Tracked down the bug that's been eluding me for days. It was indeed a race, and could result in a file being transferred into a direct mode repository and ending up in indirect mode. Was easy to fix once understood, just needed to update the direct mode mapping before starting the transfer.
While I was in there, I noticed another potential race, also in direct mode, where the watcher could decide to rewrite a symlink to fix its target, and at just the wrong time direct mode content could arrive in its place, and so get deleted. Fixed that too.
Seems likely there are some other direct mode races. I spent quite a while hammering on dealing with the indirect mode races with the assistant originally.
Next on my list is revisiting XMPP.
Verified that git push over XMPP works between multiple repositories that are sharing the same XMPP account. It does.
Seeing the XMPP setup process with fresh eyes, I found several places wording could be improved. Also, when the user goes in and configures (or reconfigures) an XMPP account, the next step is to do pairing, so it now redirects directly to there.
Next I need to make XMPP get back into sync after a network disconnection or when the assistant is restarted. This currently doesn't happen until a XMPP push is received due to a new change being made.
back burner: yesod-pure
Last night I made a yesod-pure branch, and did some exploratory conversion away from using Hamlet, of the Preferences page I built yesterday.
I was actually finding writing pure Blaze worked better than Hamlet, at first. Was able to refactor several things into functions that in Hamlet are duplicated over and over in my templates, and built some stuff that makes rendering type safe urls in pure Blaze not particularly ungainly. For example, this makes a submit button and a cancel button that redirects to another page:
buttons = toWidget $ \redir ->
"Save Preferences" <>|<> redir ConfigurationR []

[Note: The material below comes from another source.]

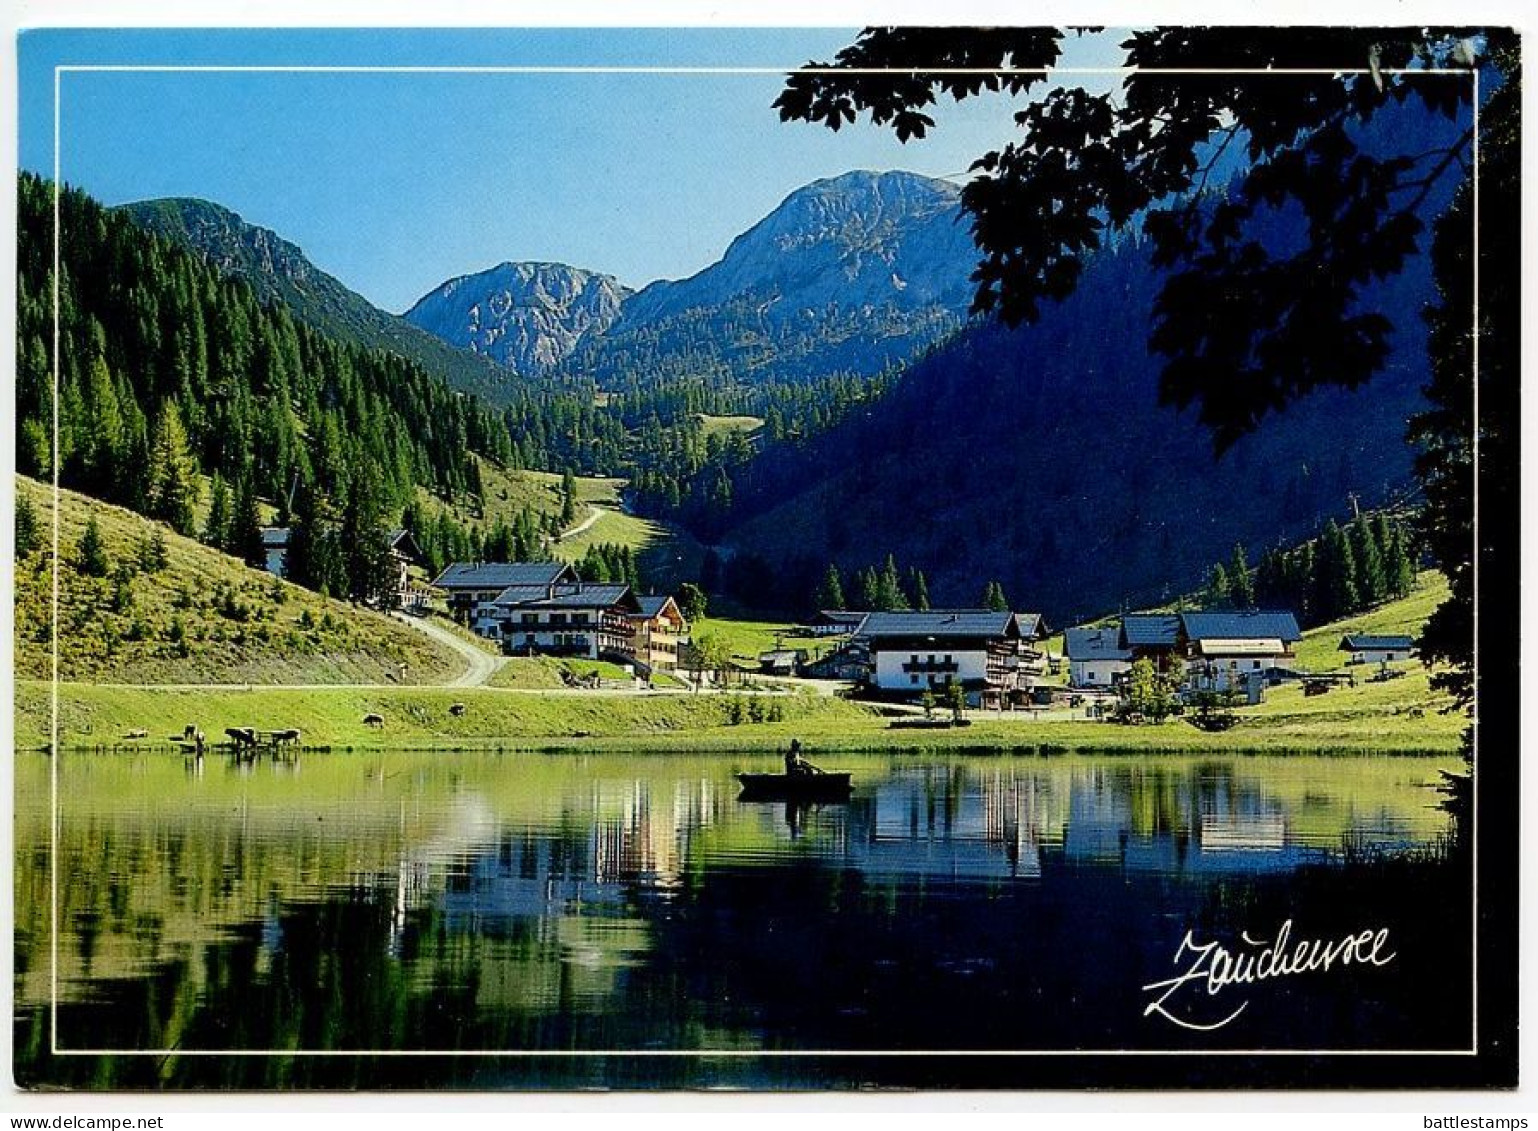 Austria 1998 Postcard Zauchensee - Scenic View; Altenmarkt im Pongau Cancel; 6.50s Dragon of Klagenfurt Stamp

The catch is how to deal with widgets that need to be nested inside other html. It's not possible to do this both cleanly and maximally efficiently, with Blaze. For max efficiency, all the html before the widget should be emitted, and then the widget run, and then all html after it be emitted. To use Blaze, it would have to instead generate the full html, then split it around the widget, and then emit the parts, which is less efficient, doesn't stream, etc.
I guess that's the core of what Hamlet does; it allows a clean representation and due to running TH at build time, can convert this into an efficient (but ugly) html emitter.
So, I may give up on this experiment. Or I may make the webapp less than maximally fast at generating html and go on with it. After all, these sorts of optimisations are mostly aimed at high-volume websites, not local webapps.